On x86, the interpreter call result register is eax/rax, register 0,
which is also the first register we hand out for register allocation.
The continuation for an interpreter call result uses register 0, but
if the caller uses a dynamic link, the continuation first pops its
frame via the dynamic link...using a temporary register that is
guaranteed to be register 0 since it's the first one the register
allocator hands out.  The code sequence looks something like this:

;; (interpreter-call:cache-reference label-10 (register #x24) #f)
(mov q (r 2) (r 1))
(call (@ro 6 #xd0))
;; (continuation-entry label-10)
(word u #xfffc)
(block-offset label-10)
label-10:
;; (assign (register #x25) (post-increment (register 4) 1))
(pop q (r 0))
;; (assign (register #x26) (object->address (register #x25)))
(and q (r 0) (r 5))
;; (assign (offset (register 6) (machine-constant 4)) (register #x26))
(mov q (@ro 6 #x20) (r 0))
;; (assign (register #x23) (register 0))
(jmp (@pcr label-13))

On entry to the continuation, register 0 holds the value we want,
chosen as a machine alias for pseudo-register #x23 in the procedure
body, but the first thing the continuation does is pop the dynamic
link into register 0, ruining the party.

This is rather tricky to trigger because it turns out in _non-error_
cases, compiled code never asks the interpreter to evaluate a cache
reference that will return a value.  But you can trigger this by
referencing an unassigned variable and invoking a restart, which does
cause the cache reference to return a value:

;; Unassigned, so compiled code will ask interpreter for help.
(define null)

;; Recursive procedure for which the compiler uses a dynamic link.
(define (map f l)
  (let loop ((l l))
    (if (pair? l)
        (cons (f (car l)) (loop (cdr l)))
        null)))

;; Invoke the restart that will return from the cache reference with
;; a value.
(bind-condition-handler (list condition-type:unassigned-variable)
    (lambda (condition)
      condition
      (use-value '()))
  (lambda ()
    (map + '(1 2 3))))
;Value: (1 2 3 . #[false 15 #xea9c18])

Here #[false 15 #xea9c18] is the (detagged) dynamic link, a pointer
into the stack, not the result we wanted at all.

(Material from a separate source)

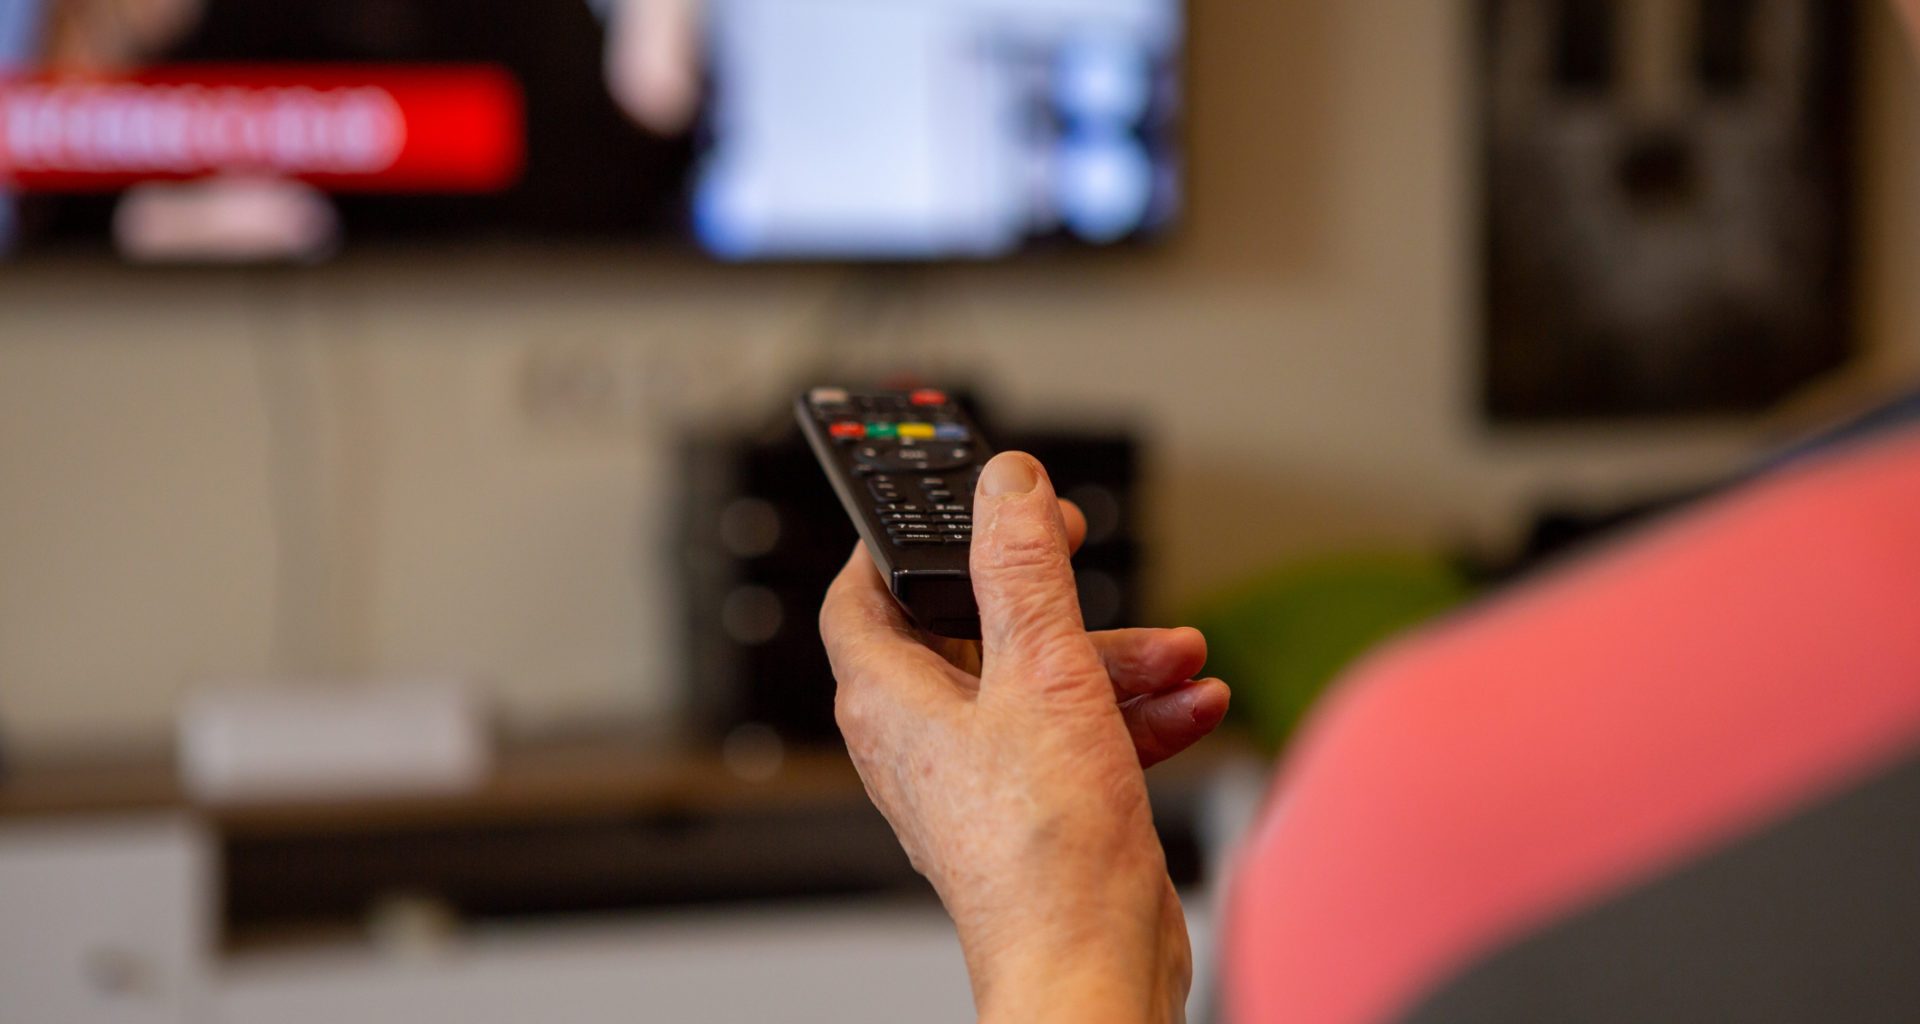 Claim Scotland has "lowest amount" of TV licence payment is Unsupported 6

5 years agoMake entries point to _after_ the PC offset.
Taylor R Campbell [Mon, 31 Dec 2018 21:08:22 +0000 (21:08 +0000)]
Make entries point to _after_ the PC offset.

This saves a jump in closure headers, and makes non-closure entries
have a nice PC offset of 0 rather than an awkward PC offset of 8.
However, this causes all indirect calls to have an additional offset
of -8 in the addressing mode -- not clear yet how much this hurts.

WARNING: This changes the amd64 compiled code interface so that new
compiled code requires a new microcode and vice versa.  Further, you
must set compiler:cross-compiling? to #t to compile the system,
because compiled code block offsets are now in a different place
relative to compiled entries, so the native fasdumper of an old
microcode can't handle compiled entries produced by a new compiler.

5 years agoLoad the fallback into rax so caller needs no conditional branch.
Taylor R Campbell [Wed, 2 Jan 2019 06:10:52 +0000 (06:10 +0000)]
Load the fallback into rax so caller needs no conditional branch.

WARNING: This changes the amd64 compiled code interface so that new
compiled code requires a new microcode.  (However, a new microcode
should handle old compiled code without trouble, since old compiled
code treats rax as garbage at this point, and LEA does not affect
flags.)

5 years agoUse BTS to affix single-bit type tags.
Taylor R Campbell [Mon, 31 Dec 2018 20:32:37 +0000 (20:32 +0000)]
Use BTS to affix single-bit type tags.